1. **Inference Duration:**
   Processing 100 queries and each takes 10.59 seconds
   Total: 100 x 10.59 = 1059 seconds (or approximately 0.29 hours)
2. **Idle Timeout Duration:**
   Post-processing idle time before scaling down: (60 seconds - 10.59 seconds) x 100 = 4941 seconds (or 1.37 hours approximately)
3. **Cold Start Overhead:**
   Total: 100 x 6.88 = 688 seconds (or 0.19 hours approximately)

**Total Billable Hours with Inferless:** 0.29 (inference duration) + 1.37 (idle time) + 0.19 (cold start overhead) = 1.85 hours

**Total Billable Hours with Inferless:** `1.85` hours

### Scenario 2

You are looking to deploy a ComfyUI application for processing 1000 queries per day.

**Key Computations:**

1. **Inference Duration:**
   Processing 1000 queries and each takes 10.59 seconds
   Total: 1000 x 10.59 = 10590 seconds (or approximately 2.94 hours)
2. **Idle Timeout Duration:**
   Post-processing idle time before scaling down: (60 seconds - 10.59 seconds) x 100 = 4941 seconds (or 1.37 hours approximately)
3. **Cold Start Overhead:**
   Total: 100 x 6.88 = 688 seconds (or 0.19 hours approximately)

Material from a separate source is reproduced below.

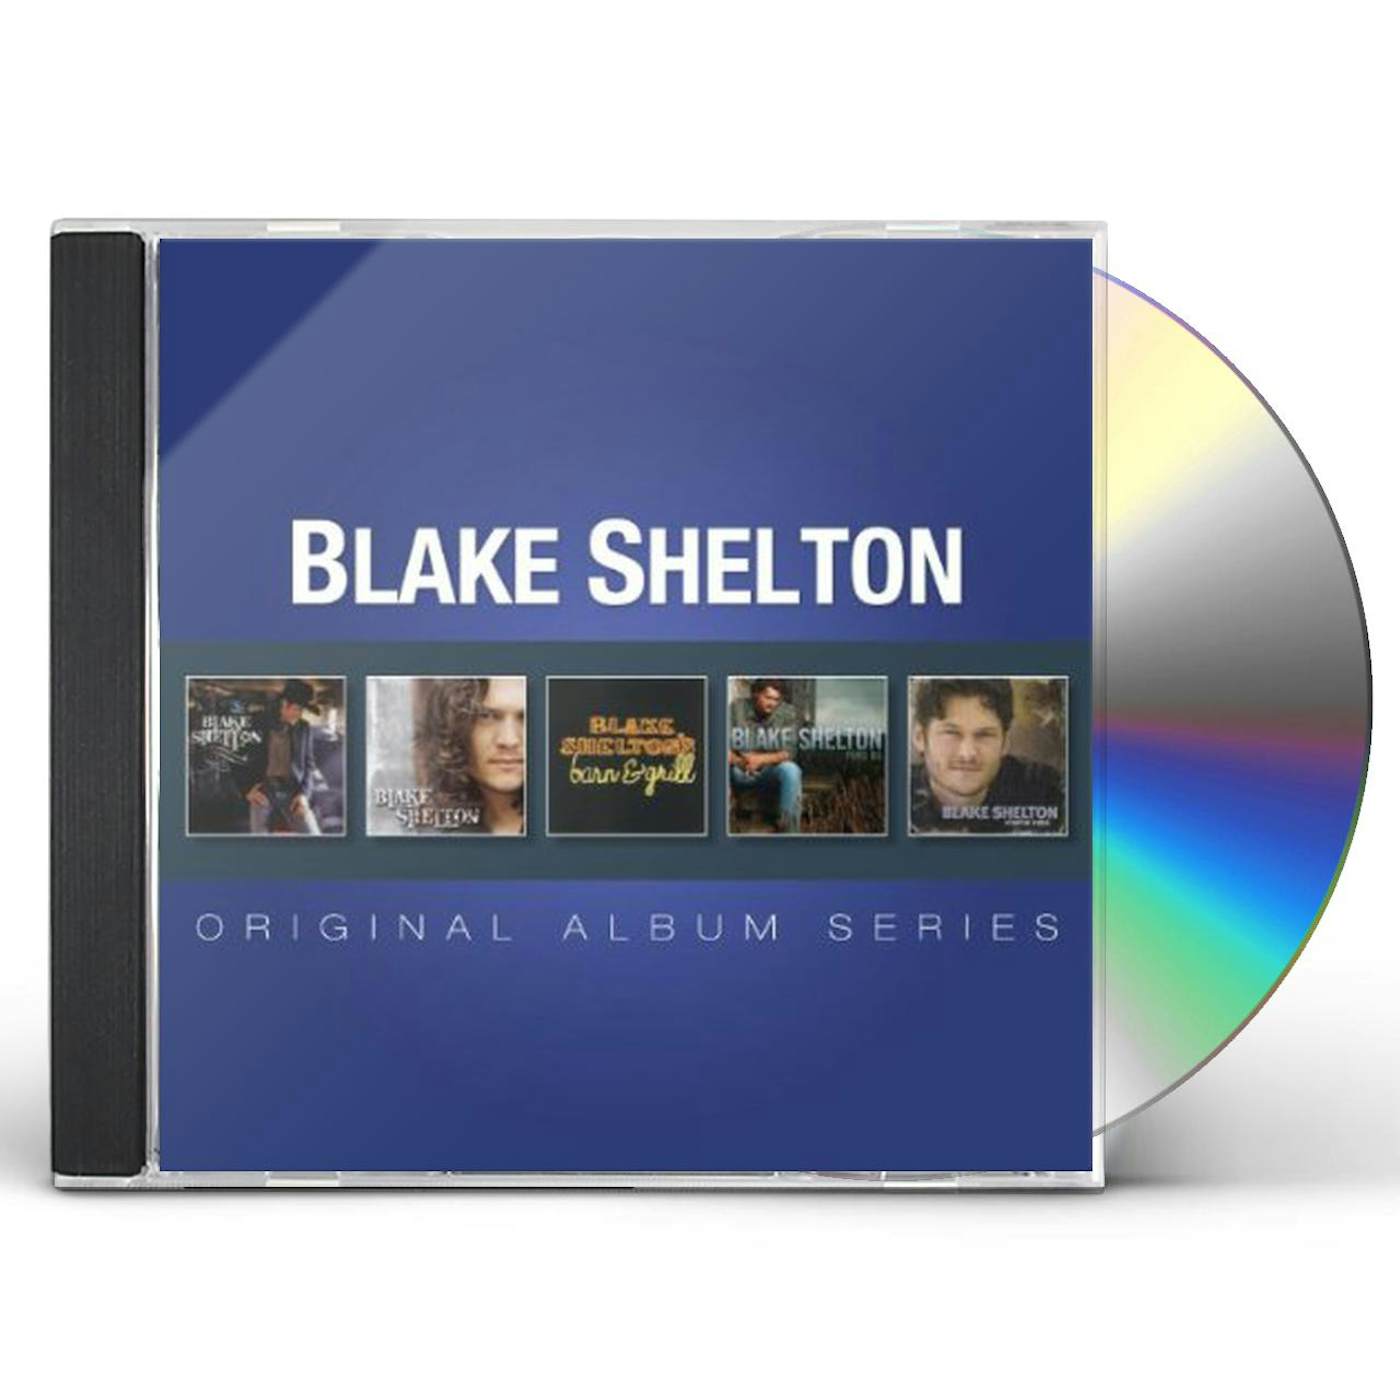 Blake Shelton ORIGINAL ALBUM SERIES CD

**Total Billable Hours with Inferless:** 2.94 (inference duration) + 1.37 (idle time) + 0.19 (cold start overhead) = 4.5 hours

**Total Billable Hours with Inferless:** `4.5` hours

### Pricing Comparison for all the Scenario

| **Scenarios**     | **On-Demand Cost**                      | **Inferless Cost**                        |
| ----------------- | --------------------------------------- | ----------------------------------------- |
| 100 requests/day  | \$28.8 (24 hours billed at \$1.22/hour) | \$2.26 (1.85 hours billed at \$1.22/hour) |
| 1000 requests/day | \$28.8 (24 hours billed at \$1.22/hour) | \$5.49 (4.5 hours billed at \$1.22/hour)  |

By opting for Inferless, you can achieve up to ***80.94%*** cost savings.

Please note that we have utilized the A100(80 GB) GPU for model benchmarking purposes, while for pricing comparison, we referenced the A10G GPU price from both platforms. This is due to the unavailability of the A100 GPU in SageMaker.

Also, the above analysis is based on a smaller-scale scenario for demonstration purposes. Should the scale increase tenfold, traditional cloud services might require maintaining 2-4 GPUs constantly active to manage peak loads efficiently. In contrast, Inferless, with its dynamic scaling capabilities, adeptly adjusts to fluctuating demand without the need for continuously running hardware.

## Conclusion

By following this approach, you can easily integrate your ComfyUI workflows into other applications or scripts, leveraging the power of Inferless for efficient and scalable AI image generation.